Pas de Charles Michel qui s’invite dans les foyers belges à une heure de grande écoute pour s’adresser gravement à la nation, mais un Premier ministre qui y est allé d’une courte allocution devant la presse, à l’issue du conseil des ministres qui a fixé la marche à suivre.

Plus de Parlement spécialement convoqué pour une séance d’hommage, mais un éloge funèbre ce jeudi en début de séance ordinaire, prononcé par le vice-premier Kris Peeters au nom du gouvernement (Charles Michel sera absent pour raisons familiales) et le président de la Chambre, le… N-VA Siegfried Bracke. Avant que les députés fédéraux ne passent sans transition à l’ordre du jour.

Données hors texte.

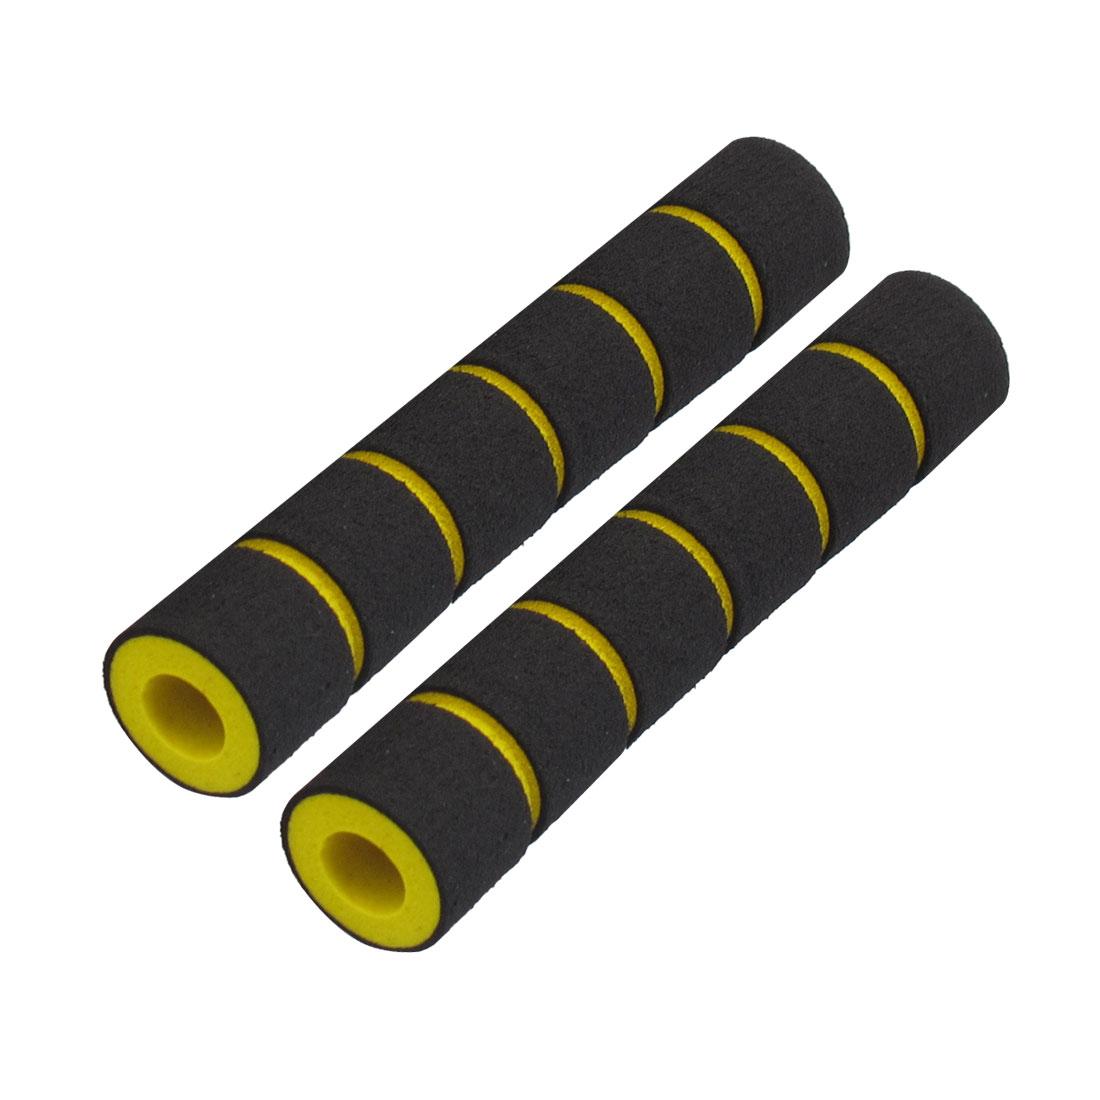 "2 Pcs 0.35"" Dia Striped Nonslip Cycling Bike Handlebar Grip Cover Black Yellow"

On ne respecte plus rien, les bonnes manières se perdent, se chagrineront certains. Il faut bien vivre avec son temps, rétorquera l’immense majorité.

Le Royaume ne s’arrêtera pas de tourner, de gouverner ou de contester, pour pleurer longuement la disparition d’une reine retirée depuis 21 ans et qui d’ailleurs n’a jamais eu l’aura de la « Reine Infirmière » que fut Elisabeth sur le front de l’Yser durant la Grande Guerre.

La société n’est plus prête à s’accommoder de tout un cérémonial d’un autre âge, d’une étiquette vestimentaire dépassée, d’une pompe surannée. La monarchie est descendue de son piédestal. Et si le peuple lui-même ne pousse plus à la consommation…

« 50 ans séparent les funérailles d’Elisabeth et de Fabiola, soit deux générations. L’évolution sociétale est énorme. La Belgique n’est pas non plus l’Angleterre, où le cérémonial et le rituel qui entourent la monarchie sont inamovibles », relève Pierre-Yves Monette, ancien conseiller au Palais royal.

1965-2014, la Belgique vit sur un autre planète. Où l’on conçoit mal que fonctionnaires ( fédéraux et/ou régionaux ?), enseignants et écoliers (francophones et/ou néerlandophones ? ) obtiennent congé pour cause de funérailles nationales. Où l’on n’ose plus imaginer d’ imposer à des ministres fédéraux, N-VA désormais compris, d’observer un deuil de Cour durant un mois, de passer ainsi le cap des fêtes de fin d’année en habit noir, sevrés de « galas, soirées dansantes ou théâtrales », alors que leurs collègues des entités fédérés resteraient libres de s’en donner à coeur joie.

Comment d’ailleurs infliger pareille épreuve aux représentants du premier parti de Flandre et de Belgique, séparatiste et républicain, sans en faire un casus belli ? Dans une Belgique (con)fédérale, on n’est plus sûr de rien. Multiplier les manifestations d’hommage, c’ est accroître les risques de faux pas, de possibles dérapages politico-communautaires.

L’enterrement de la reine Fabiola, c’est aussi celui des derniers restes de la Belgique de papa.